이제 Operator Backpropagation을 사용하여 50큐비트 Heisenberg Spin Chain의 해밀토니안 동역학을 연구해 보겠습니다.

Step 1: Map classical inputs to a quantum problem

50큐비트 해밀토니안 $\hat{\mathcal{H}}_{XYZ}$ 를 대규모 문제에 적용합니다. $J$ 와 $h$ 계수 값은 소규모 예시와 동일합니다. 관측량 $M_Z = \frac{1}{N} \sum_{i=1}^N \langle Z_i \rangle$ 도 이전과 동일합니다. 이 문제는 고전적 완전 시뮬레이션의 범위를 벗어납니다.

num_qubits = 50
layout = [(i - 1, i) for i in range(1, num_qubits)]

# Instantiate a CouplingMap object
coupling_map = CouplingMap(layout)
graphviz_draw(coupling_map.graph, method="circo")

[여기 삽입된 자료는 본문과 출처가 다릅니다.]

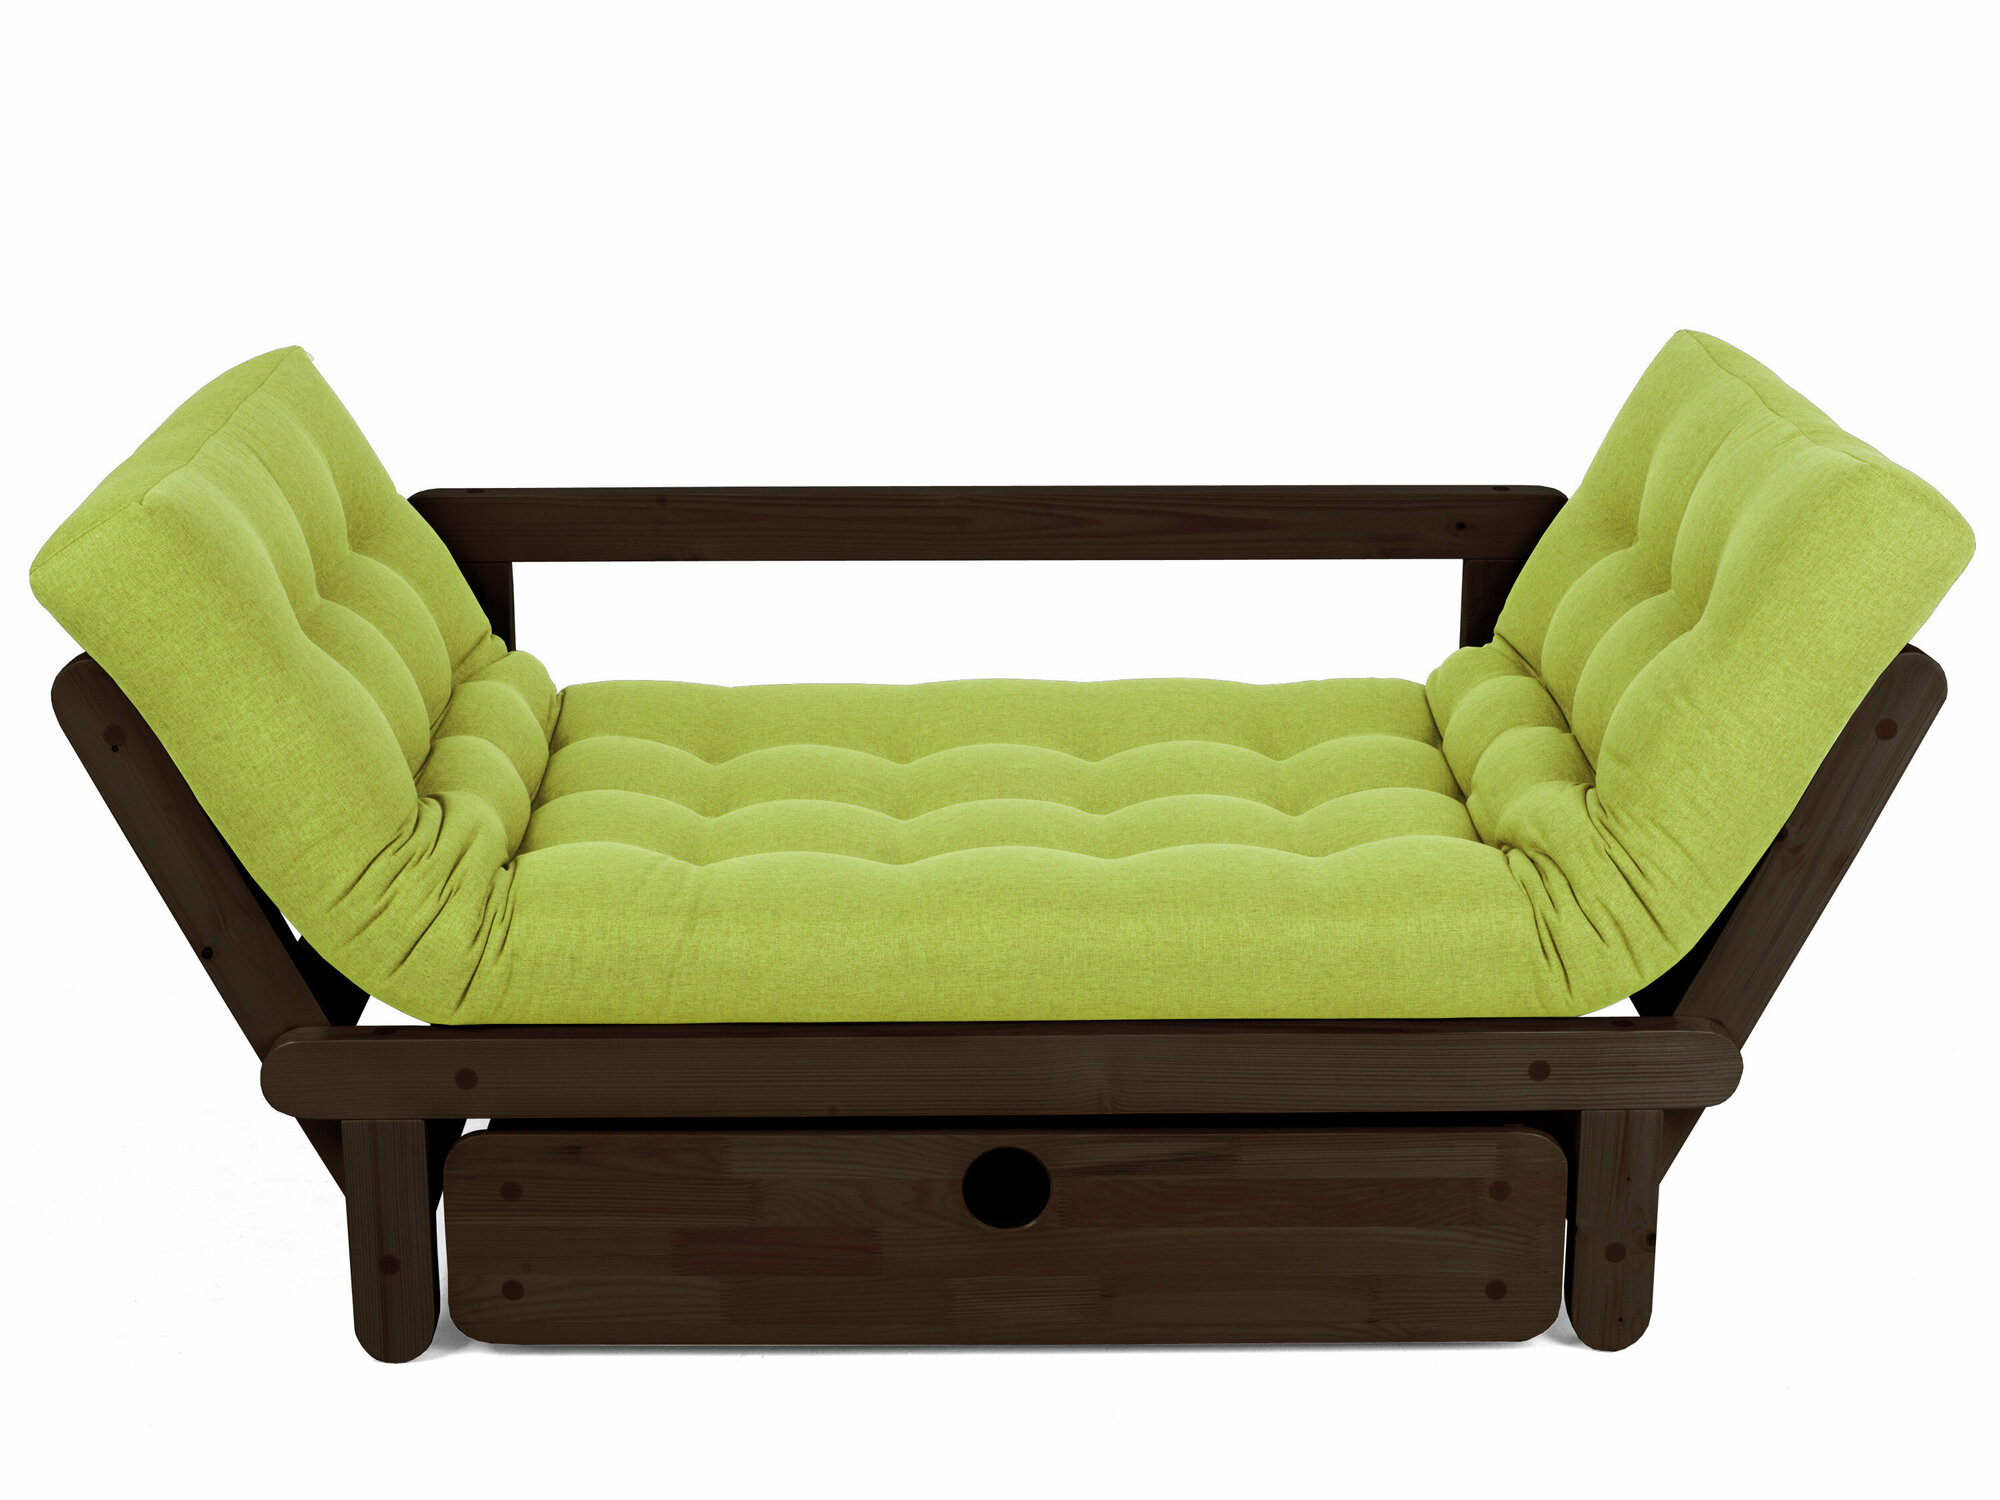 Садовый диван сламбер BOX-С, зеленый-венге, рогожка, двухместный, массив дерева, в офис, в салон красоты, на ножках, скандинавский лофт
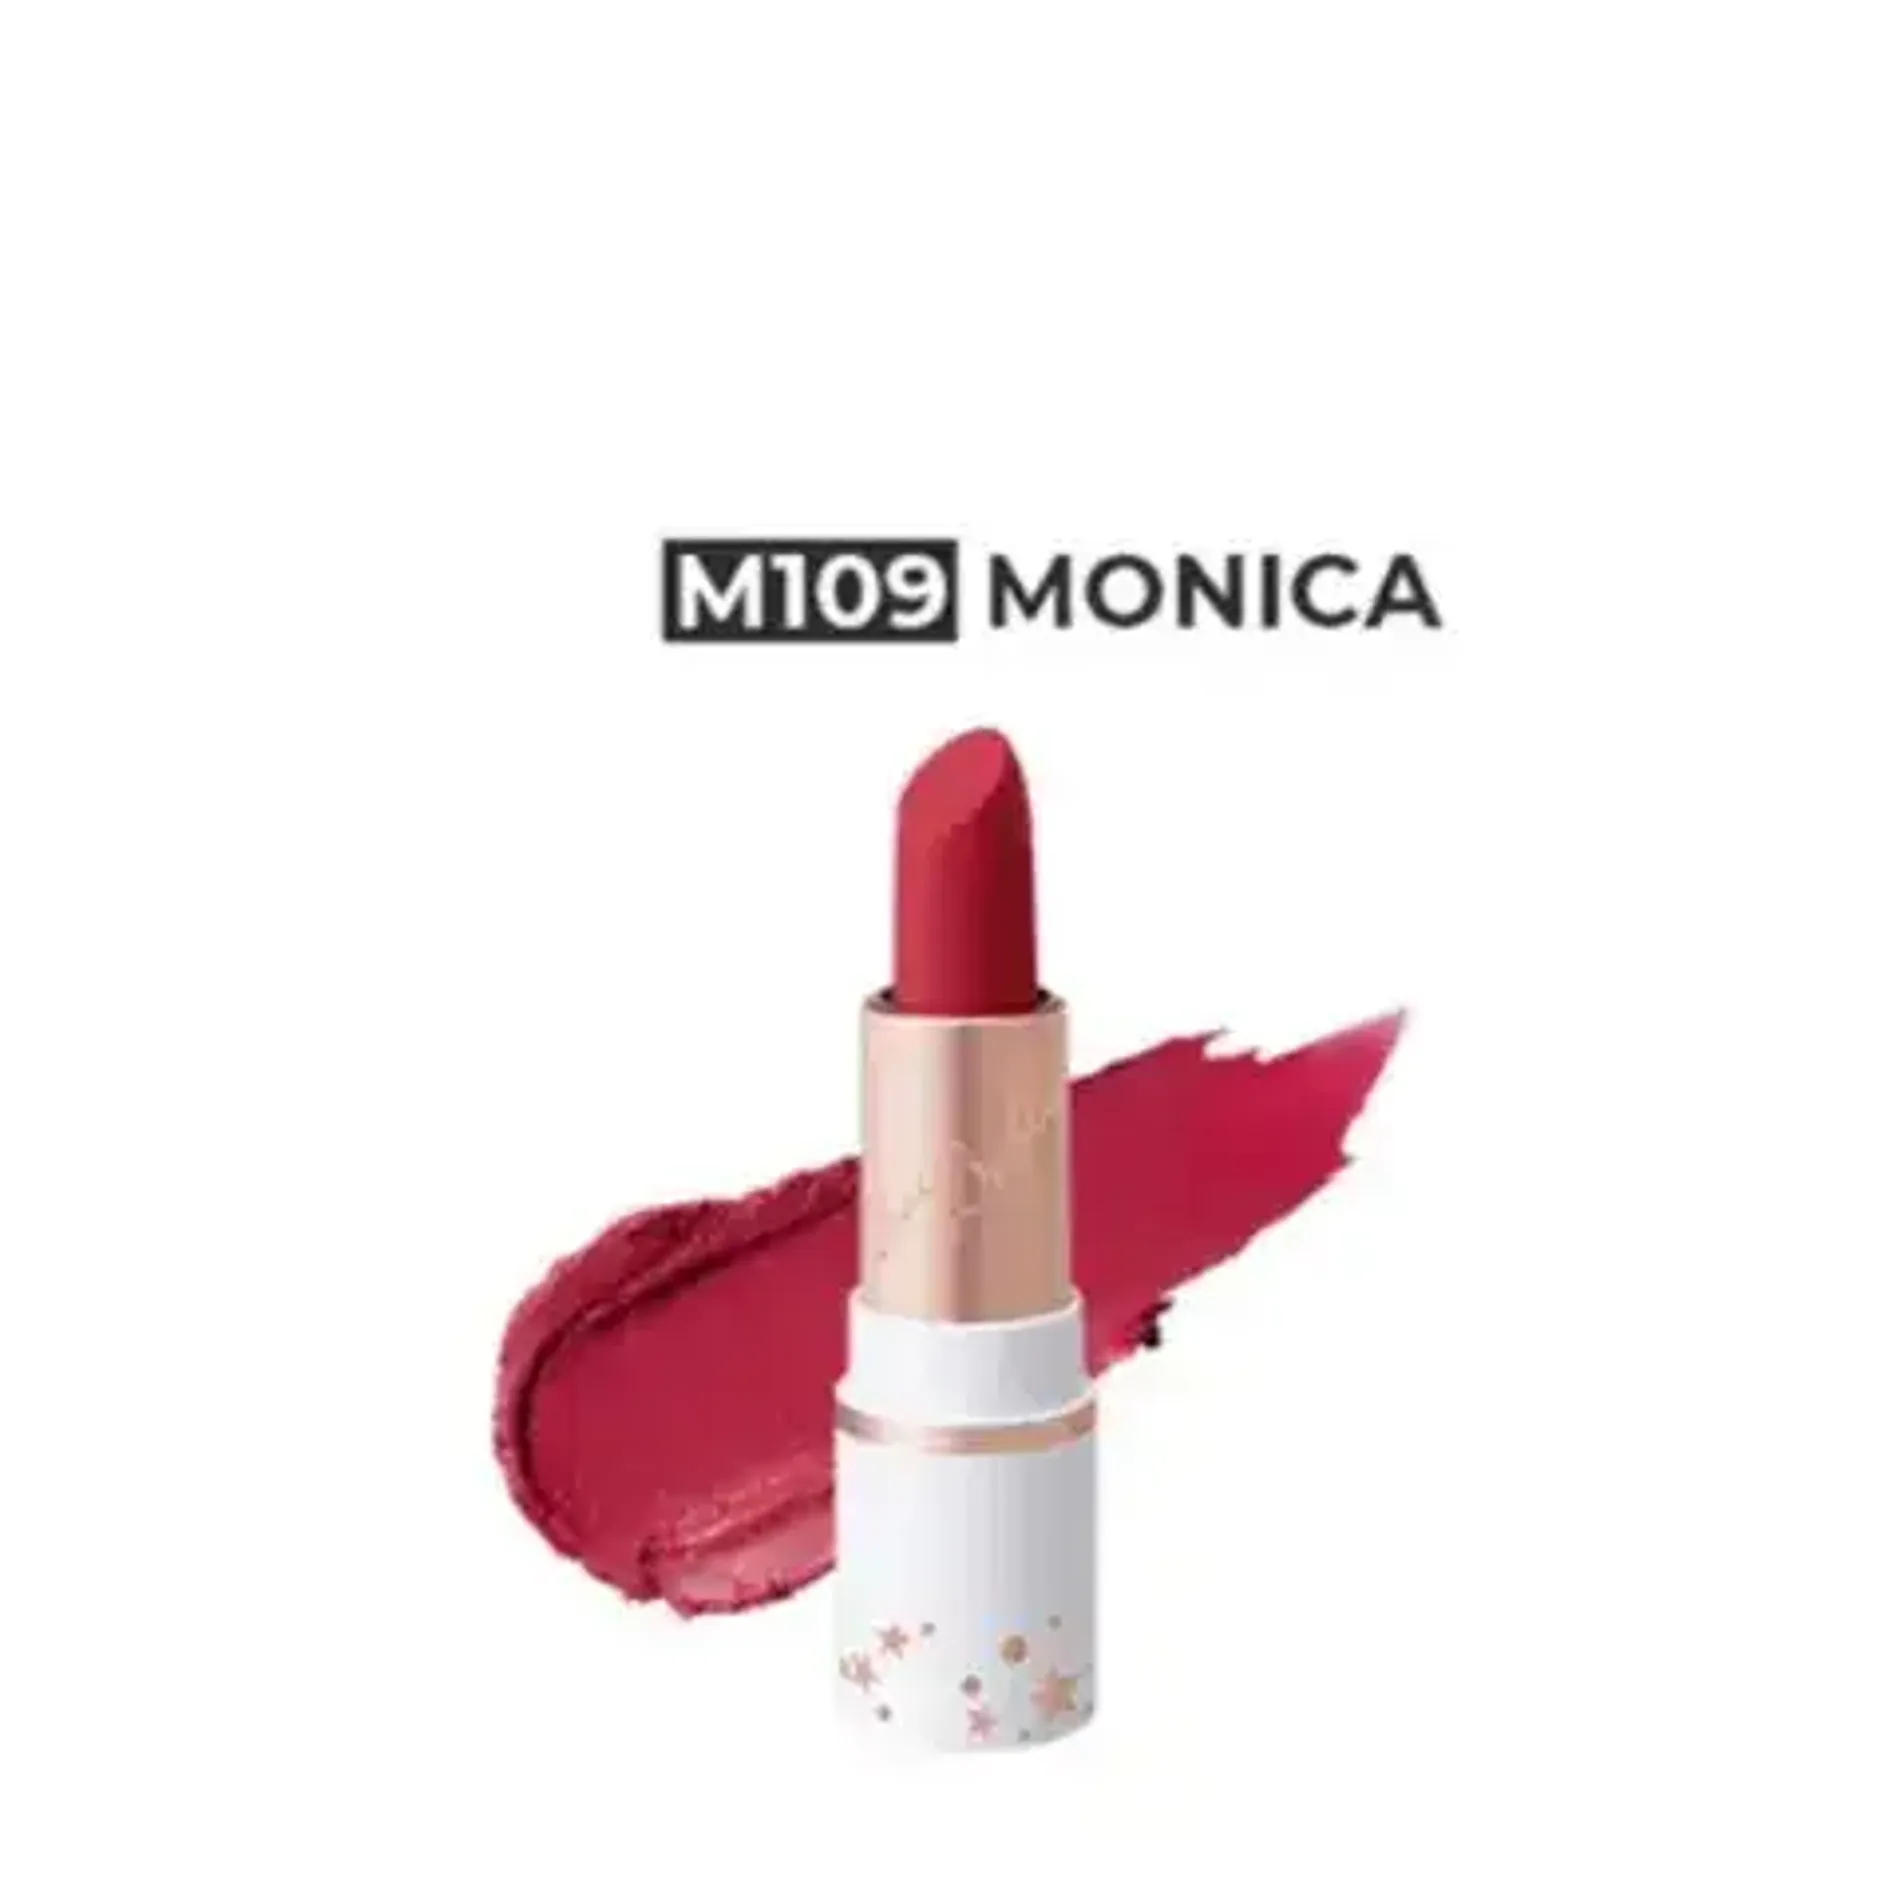 gift-son-moi-lip-paradise-effortless-matte-lipstick-mini-m109-monica-1-2g-1

Output of the previous code cell

hamiltonian = generate_xyz_hamiltonian(
    coupling_map,
    coupling_constants=(np.pi / 8, np.pi / 4, np.pi / 2),
    ext_magnetic_field=(np.pi / 3, np.pi / 6, np.pi / 9),
)
print(hamiltonian)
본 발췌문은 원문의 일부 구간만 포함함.